The results highlighted a distinct mismatch.

When a human hears the word ‘likely’, they might internally calibrate that to a 65% chance. But the study suggests that LLMs can assign a significantly higher probability to the same term, often pushing above 80%.

This gap might seem small mathematically. In a customer service context, however, it is potentially massive. It could be the difference between managing expectations and setting a customer up for disappointment.

If your automated agent uses confident language to describe uncertain outcomes, it risks overpromising. The bot isn’t lying. It is simply speaking a different statistical dialect than your customer.

Mayank Kejriwal, Research Associate Professor at University of Southern Carolina summarizes the research in an article on Fortune:

“An AI model might use the word ‘likely’ to represent an 80% probability, whereas a human reader typically interprets it as closer to 65%.”

Context Changes Everything

The risk becomes more complex when you factor in context. The study indicates that LLMs are highly sensitive to how a prompt is phrased.

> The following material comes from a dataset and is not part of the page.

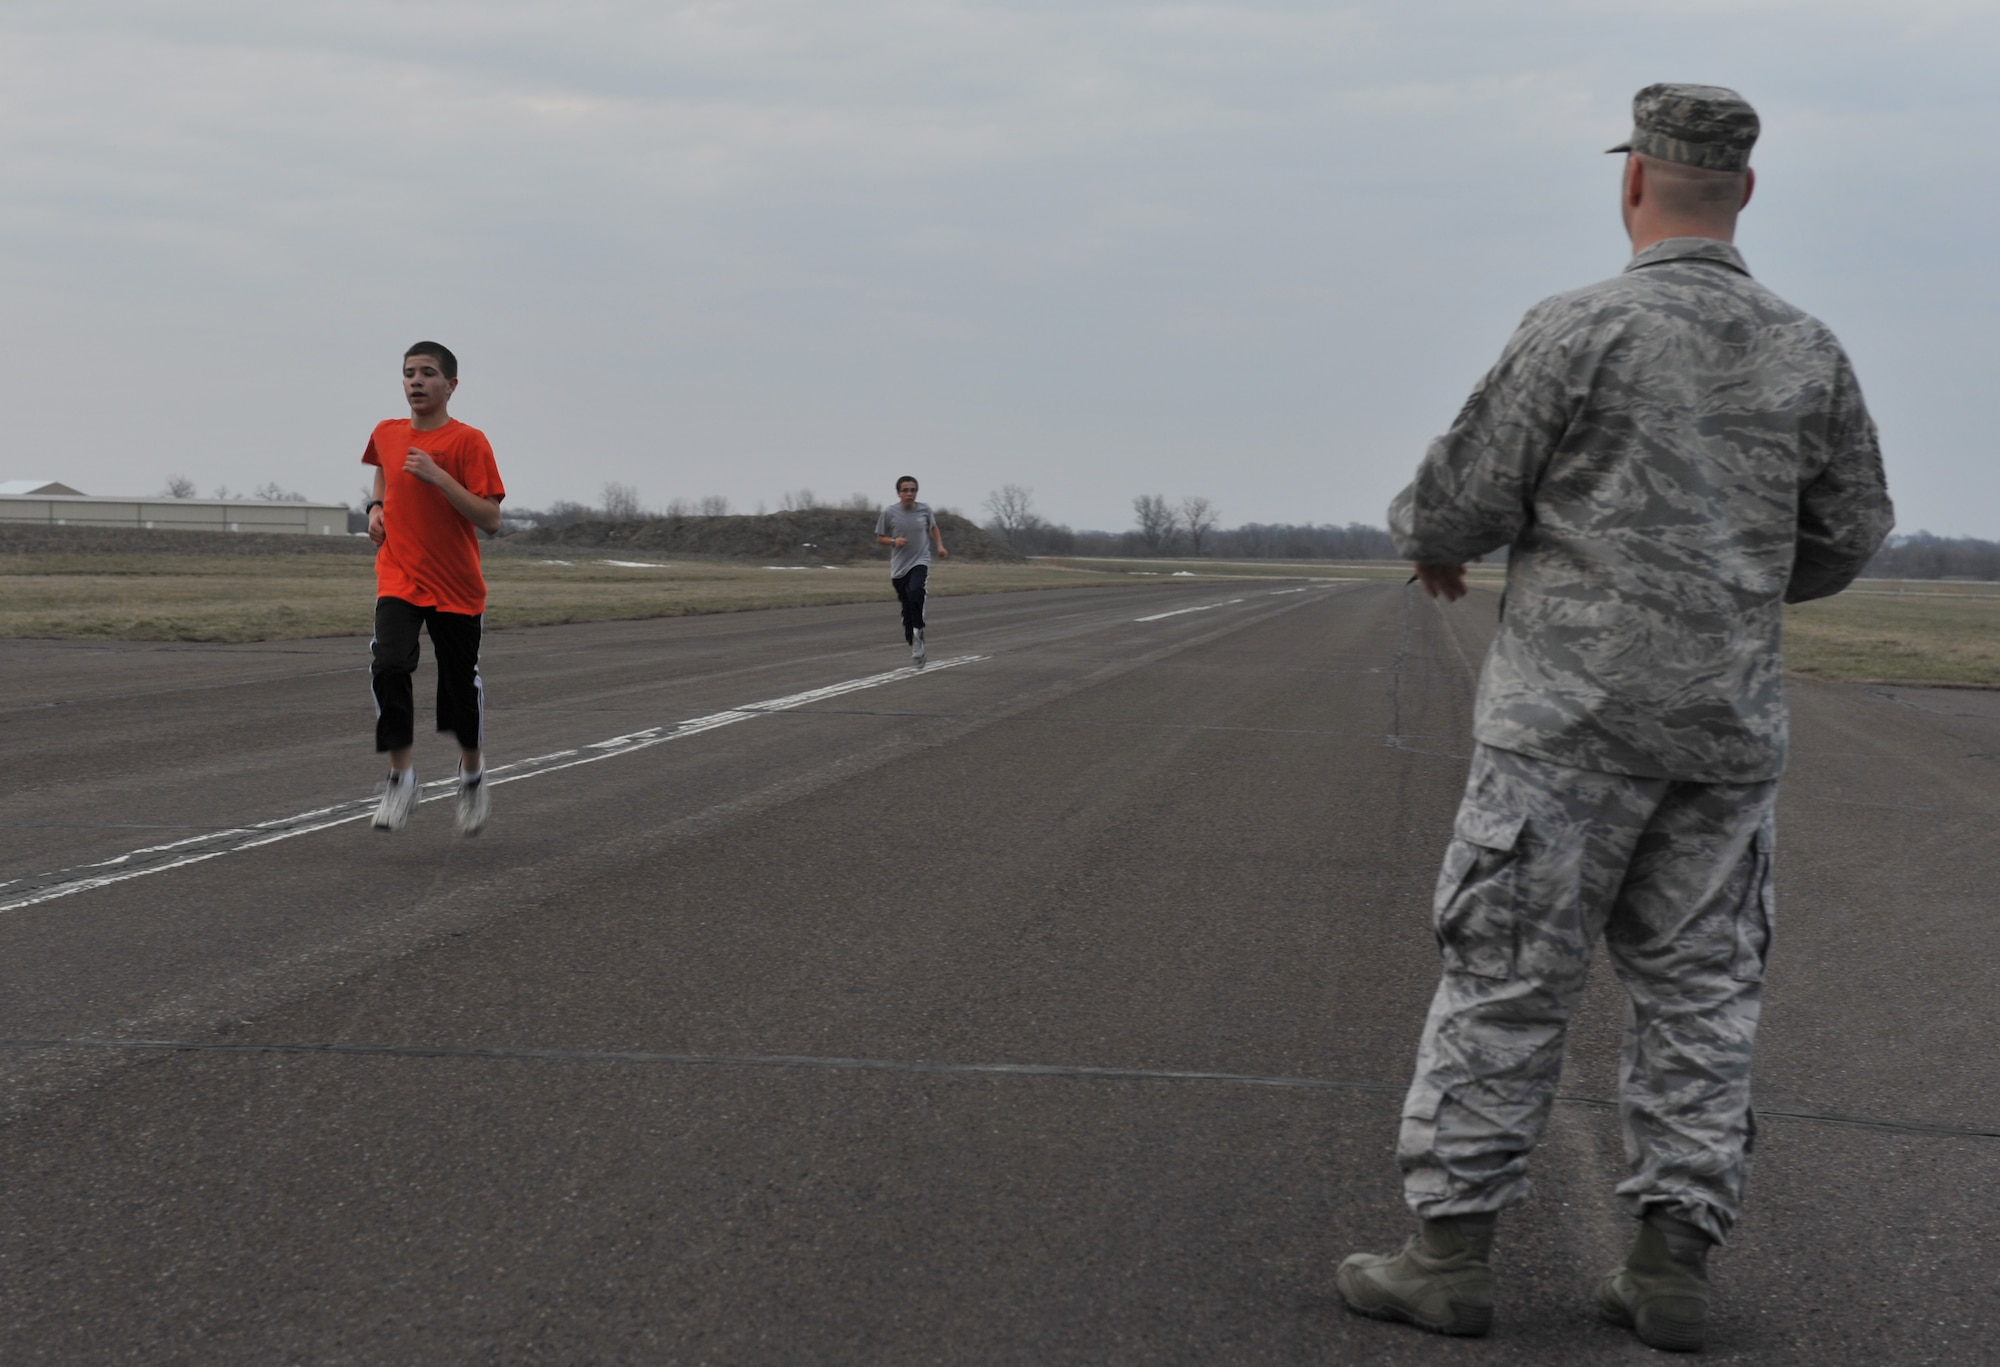 Master Sgt. William Sander, 509th Comptroller Squadron financial services superintendent, records run times for  Alex, 14, and Breandan, 13, Civil Air Patrol cadets during their physical fitness assessment, March 28, 2013, in Sedalia, Mo.. Sander also monitors for safety during all cadet activities. (U.S. Air Force photo by Heidi Hunt/Released)

Changing the language of the prompt or the framing of the question can shift the bot’s probability estimation. A bot might interpret ‘likely’ differently in a financial context versus a casual conversation.

This variability makes it difficult for conversation designers to guarantee a consistent experience. A human agent knows that telling a banking client “funds will ‘likely’ clear” carries more weight than telling a shopper “this shirt will ‘likely’ fit.”

An LLM may not intuitively grasp that emotional weight without strict guardrails.

The ‘Safe Word’ List For CX

This research does not mean we should pull the plug on generative AI. It means we need to be more deliberate about the vocabulary we allow our agents to use.

CX leaders should consider auditing their system prompts for ‘fuzzy’ language.

Avoid unanchored adjectives. Words like ‘maybe’, ‘perhaps’, and ‘likely’ are open to interpretation. They are safe for casual chat but dangerous for transactional promises.

Use data, not vibes. Instead of letting the bot say “delivery is expected soon,” instruct it to provide the specific window. “Delivery is estimated between 2 PM and 4 PM” is far safer.

Visuals over text. Where possible, use visual confidence meters or status bars. A green ‘High Likelihood’ badge is often clearer to a user than a paragraph of text that tries to hedge its bets.

Calibrating For Trust

The goal of AI in CX is to reduce effort and increase satisfaction. Precision is a key part of that equation.

We spend a lot of time worrying about AI getting the facts wrong. We need to spend equal time ensuring it gets the nuance right.

If we ignore this calibration gap, we risk a paradox. We could build bots that are technically accurate but still leave customers feeling misled.